= Lewis Tunnicliffe =

British-American Materials Scientist

Lewis Tunnicliffe is an Atlanta-based product design and development manager at Birla Carbon, who has been recognized internationally for his scientific research in the area of carbon black filler applications to elastomers.

== Early life ==
Tunnicliffe is originally from the West Midlands in Staffordshire, England and grew up in the small village of Haughton.

== Education ==
Tunnicliffe earned a BS in chemistry at the University of Durham in 2005. He then worked in industry for three years, returning to graduate school and completing a Ph.D. in 2015 at Queen Mary University of London under advisors James Busfield and Alan G. Thomas.

== Career ==

Tunnicliffe's first position following his undergraduate degree was with Sibelco Europe as a research scientist. He joined Birla Carbon in February 2016 as a materials scientist. He currently heads a product design and development group at Birla. Tunnicliffe won a grant from USDA to investigate the application of cellulose nanoparticles in tires.

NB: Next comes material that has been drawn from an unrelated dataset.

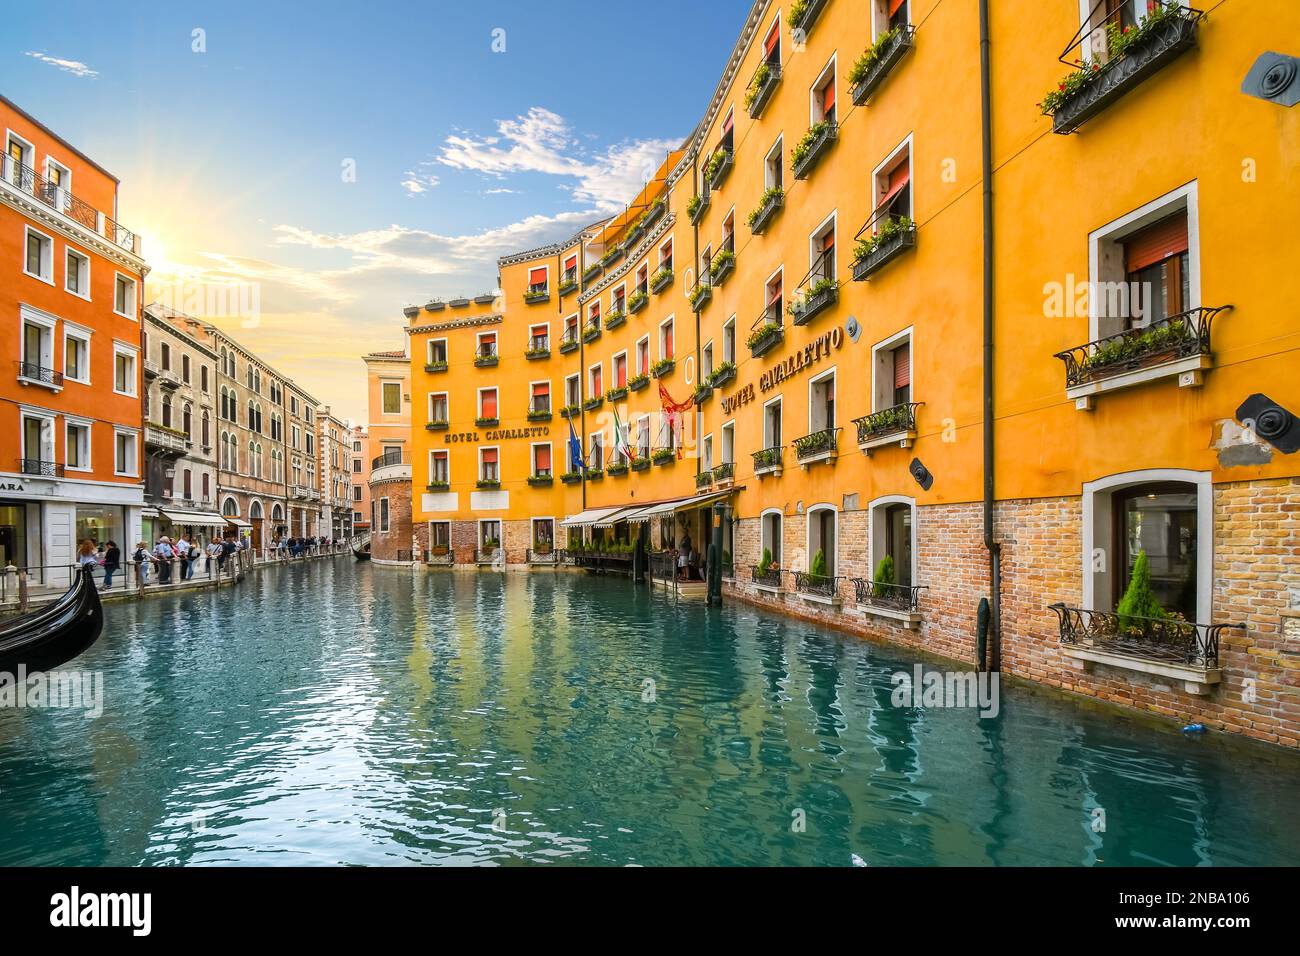 The Orseolo Basin, location of a gondola station, in front of a luxury hotel as tourists enjoy a late afternoon in Venice, Italy Stock Photo

His most cited academic work produced a method for simultaneous dielectric/dynamic mechanical characterization of a filled elastomer. The technique produces information about the presence of dipoles on the polymer-filler interface, useful in understanding origins of the Mullins and Payne effects. He has also characterized the size distribution of crack precursors in carbon black filled rubber.

==Awards and recognition==
- 2011 - James S. Walker award from Institute of Materials, Minerals and Mining
- 2013 - Best Young Scientist award from Tire Technology International.
- 2023 - Sparks–Thomas award from the ACS Rubber Division.